I had to constantly reload system on PC machine because some talented students would get bored and mess with the Autoexec.bat and config.sys files (I'd even lock them so they could be tampered with. But in a Day or two I'd be back again.  I don't know how many copies of Norton Tools I wore out.

I don't know about the fellow and the 15 Thousand Dollar system. I can customer order an iMac with 27" monitor built in with 32 GB of memory a 2 GB SSD and an i7 processor and have the older inputs including SD card slot for Camera. USB 3 and Firewire  and the latest spec for internet. For about $3000.00. My very first Mac I ever bough a SE/30 under an Education program cost me $6000.00  (that included AppleCare, that extended warranty for 3 years with free phone support. It lasted me 7 years Most PC's are badly outdated and ready to throw on Trash heap in 2-1/2 - 3 years. If you get a name Brand such as Dell maybe another year or so.

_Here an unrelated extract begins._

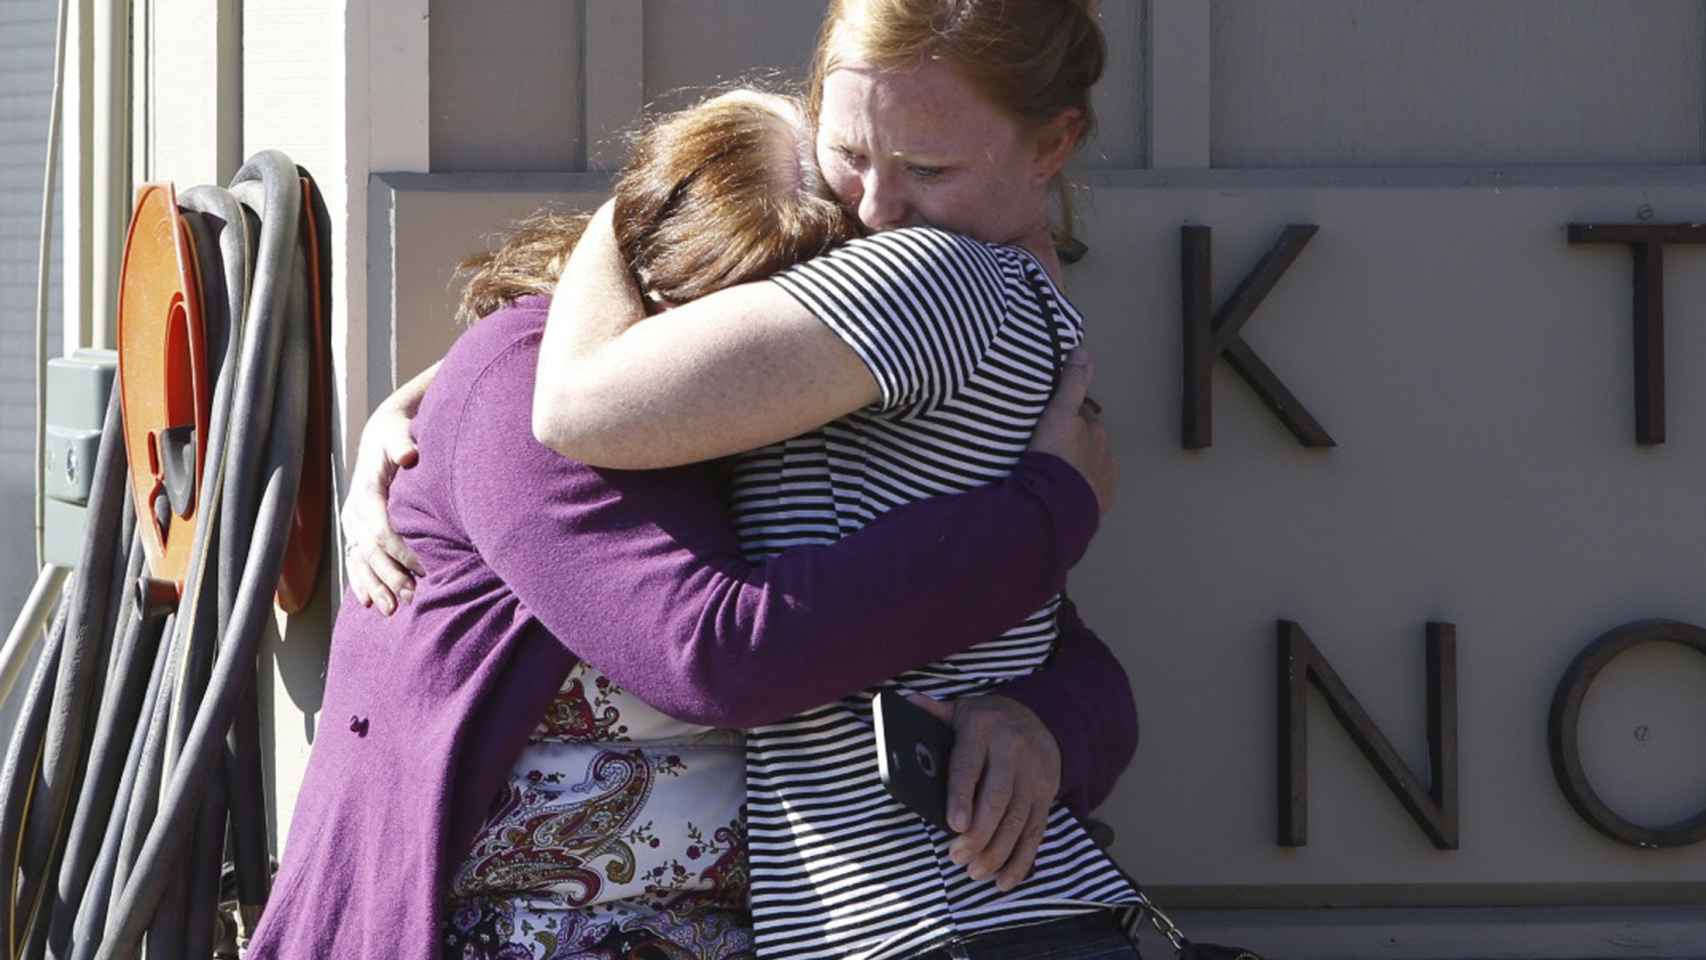 Dos alumnas de la universidad se abrazan tras el tiroteo / Reuters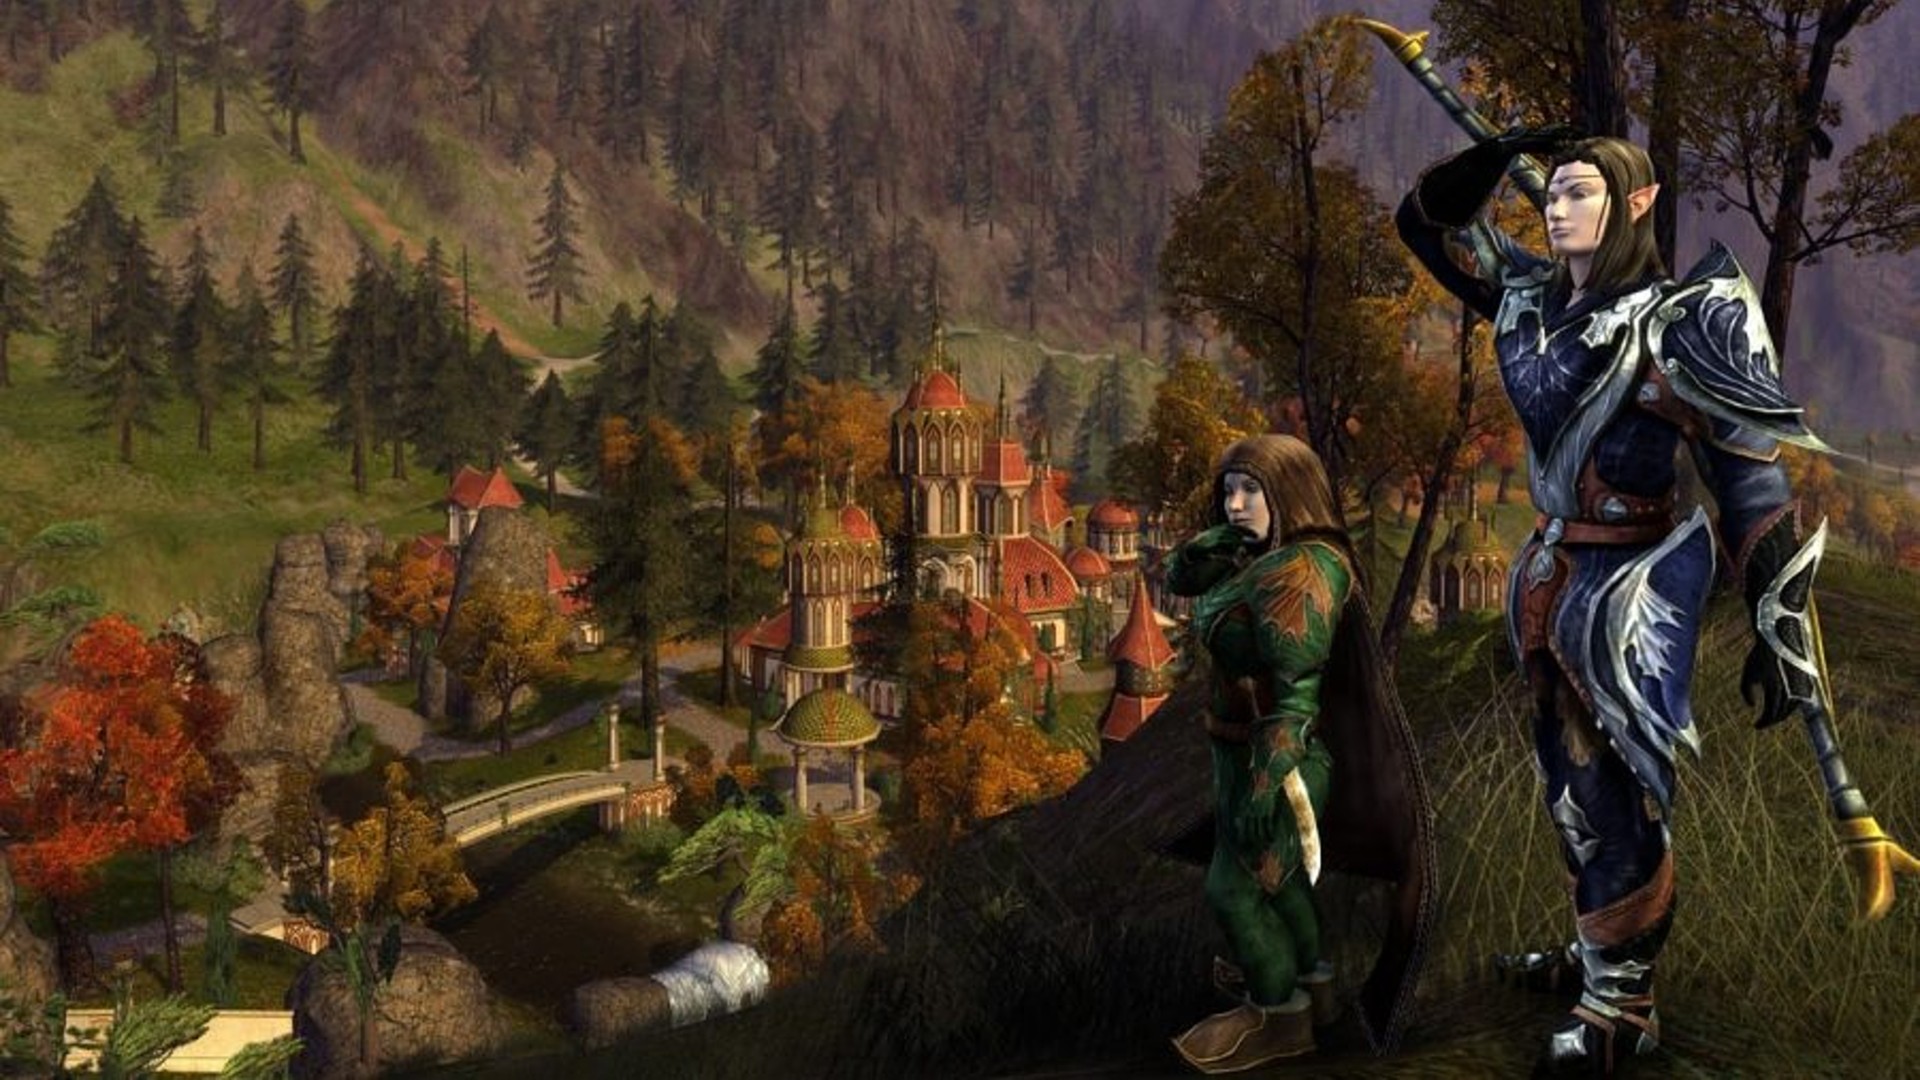 Los mejores juegos gratuitos para PC: El señor de los anillos en línea. La imagen muestra un duende y un hobbit parados en los árboles cerca de un pueblo.

It all depends on your experiences.   But the fact is the PC version of Camatasia  has a richer feature set. 

I am not railing against PC or for Mac. You use what you want, what you have better experiences with.

What I rail against in software companies not equalizing the features so you have identical feature set with just minor adjustments for the UI. Instead of the attitude that mac Users just play around with their machine and don't do serious work.

I don't fork out $3-6000  just play on. If all I wanted to do is play games or  read mail or scan web browsers I could go to my local OfficeMax and buy HP or Asius(?) or other brand for$300.00 - 400.00 , or very low end Dell for $600.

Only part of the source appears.